4. Non-covalent interaction plots

Before embarking on a more detailed analysis of the overall molecular packing of (II), in particular of the inter-layer region along the c axis, non-covalent interaction plots (Johnson et al., 2010 ; Contreras-García et al., 2011 ) were calculated to analyse in more detail the nature of the specified C—H⋯O contacts described in Supramolecular features. This method analyses the electron density (and derivatives) around the specified intermolecular contacts and generates colour-based isosurfaces as detailed in the cited literature. The results, through a three-colour scheme, enable the visualization of contacts as being attractive (blue isosurface), repulsive (red) or otherwise. For the weak interactions in focus, a green isosurface indicates a weakly attractive interaction.

The isosurfaces for three identified C—H⋯O contacts are given in the upper view of Fig. 3, and each displays a green isosurface indicating weakly attractive interactions. The lower views of Fig. 3 show the plots of RDG versus sign(λ²)ρ(r) for the three sets of C—H⋯O interactions. The green peaks apparent at density values less than 0.0 a.u. indicate these are weakly attractive interactions.

Figure 3
Non-covalent interaction plots for the following interactions in (II): (a) methyl-C9—H⋯O5(carbonyl), (b) methyl-C11—H⋯O7(carbonyl) and (c) bifurcated methylene-C3—H⋯O1,O3(carbonyl).
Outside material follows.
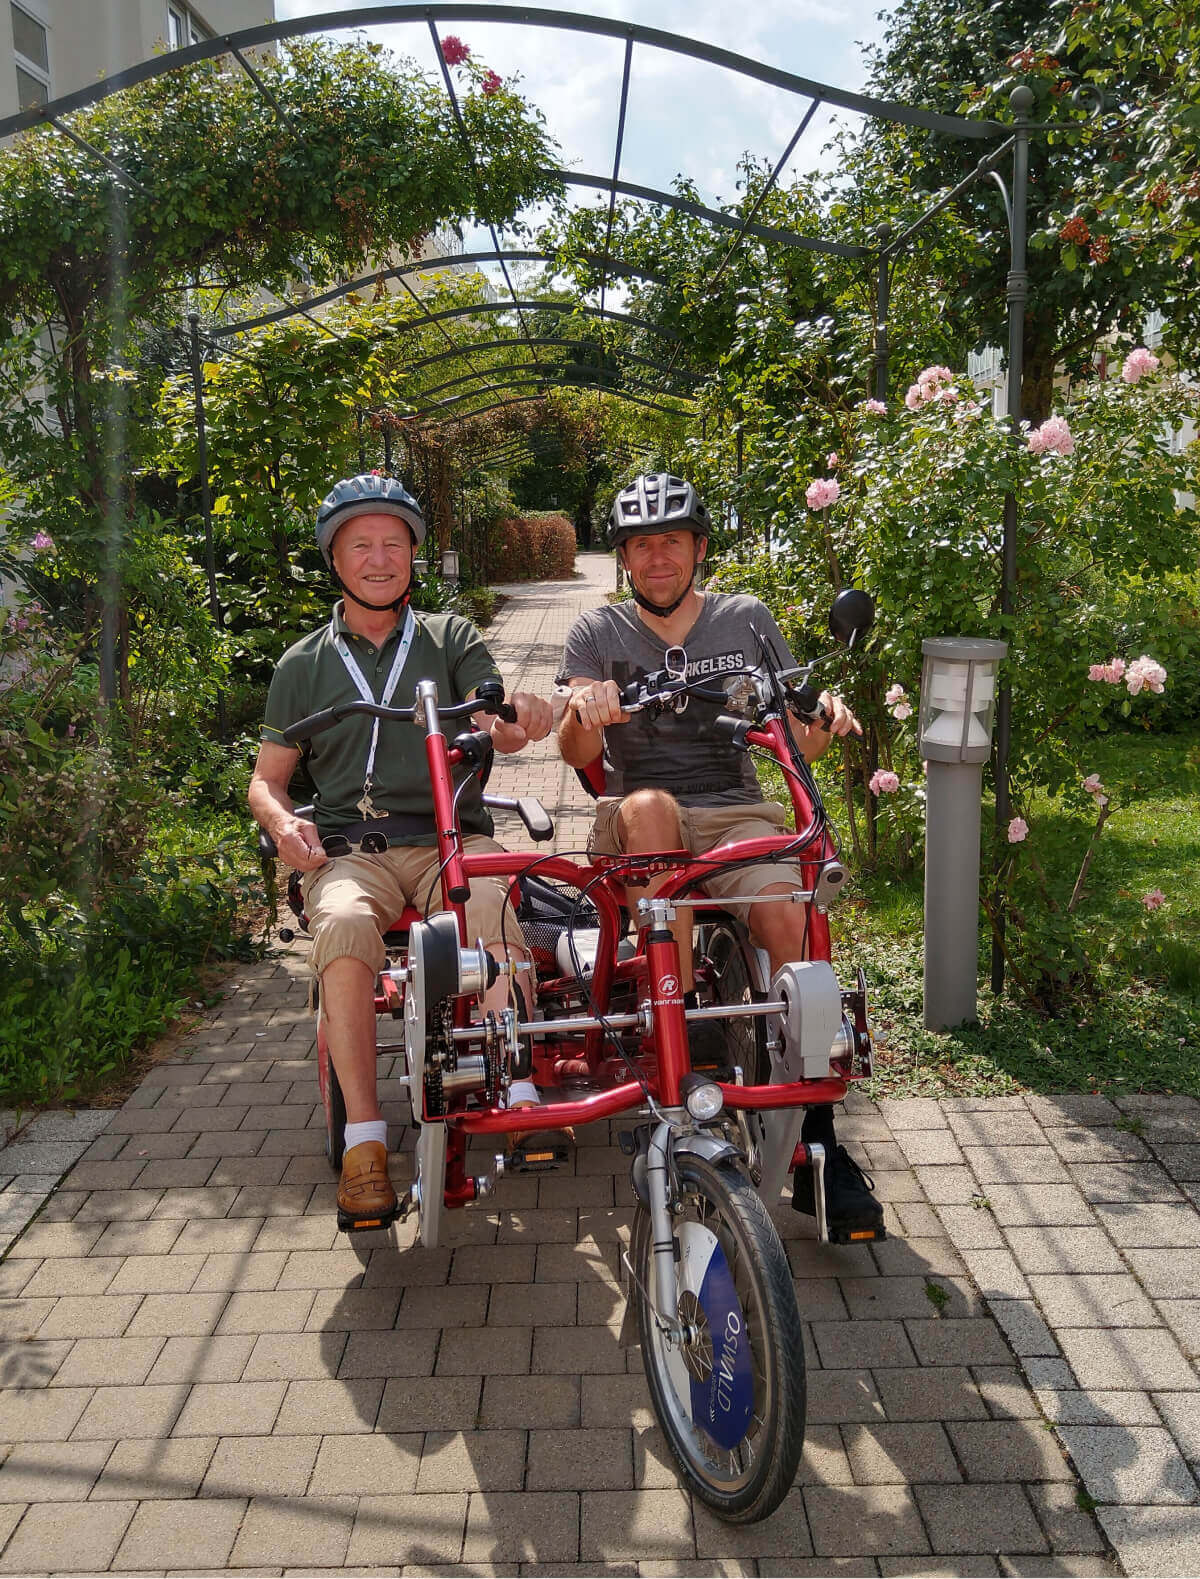 Fahrt auf dem Mehrgenerationen-Fahrrad vor der Senioren-Residenz "Elisa" in Ingolstadt

5. Hirshfeld surface analysis

In order to understand further the interactions operating in the crystal of (II), the calculated Hirshfeld surfaces were mapped over the normalized contact distance, d_norm (McKinnon et al., 2004 ) and electrostatic potential (Spackman et al., 2008 ) with associated two-dimensional (2-D) (full and delineated) fingerprint (FP) plots (Spackman & McKinnon, 2002 ). These were generated using Crystal Explorer 17 (Turner et al., 2017 ) following literature procedures (Tan et al., 2019 ). The potentials were calculated using the STO-3G basis set at the Hartree–Fock level of theory. The bright-red spots on the Hirshfeld surface mapped over d_norm, Fig. 4(a), near the carbonyl-O (O1, O3, O5 and O7) and methyl-C—H (H3 and H9B) atoms correspond to the C—H⋯O interactions listed in Table 1. These observations were confirmed through the Hirshfeld surface mapped over the calculated electrostatic potential in Fig. 4(b), where the surface around carbonyl-O and methyl-C—H atoms are shown in red (negative electrostatic potential) and blue (positive electrostatic potential), respectively. Besides the C—H⋯O interactions listed in Table 1, a long C13—H13A⋯O5 interaction is reflected in the d_norm surface as a faint red spot in Fig. 5(a). In addition, short, intra-layer C⋯O contacts with separations 0.01–0.04 Å shorter than the sum of their van der Waals radii, Table 2, are observed as faint red spots on the d_norm surface in Fig. 5(b), reflecting the specific influence of the C8, C10 and O1 atoms participating in these contacts.

Table 2
Summary of short interatomic contacts (Å) in (I)^a

Contact	Distance	Symmetry operation
H4B⋯H11C	2.32	x + 1, y + 1, z
H9B⋯O5^b	2.42	−x, −y, −z + 2
H3⋯O1^b	2.55	x − 1, y, z
H3⋯O3 ^b	2.53	x − 1, y, z
H11A⋯O7^b	2.59	−x, −y + 1, −z
H13A⋯O5	2.58	x + 1, y + 1, z
C8⋯O5	3.191 (2)	x + 1, y, z
C10⋯O1	3.204 (2)	x − 1, y, z
C10⋯O7	3.185 (3)	x, y − 1, z
Notes: (a) The interatomic distances are calculated in Crystal Explorer 17 (Turner et al., 2017) whereby the X—H bond lengths are adjusted to their neutron values. (b) These interactions correspond to the interaction listed in Table 1.

Figure 4
Two views of the Hirshfeld surface mapped for (II) over (a) d_norm in the range of −0.083 to +1.828 arbitrary units and (b) the calculated electrostatic potential in the range of −0.077 to 0.054 a.u.

Figure 5
Views of the Hirshfeld surface mapped over d_norm for (II) in the range −0.083 to +1.828 arbitrary units, highlighting within red circles (a) a weak C—H⋯O interaction and (b) C⋯O contacts.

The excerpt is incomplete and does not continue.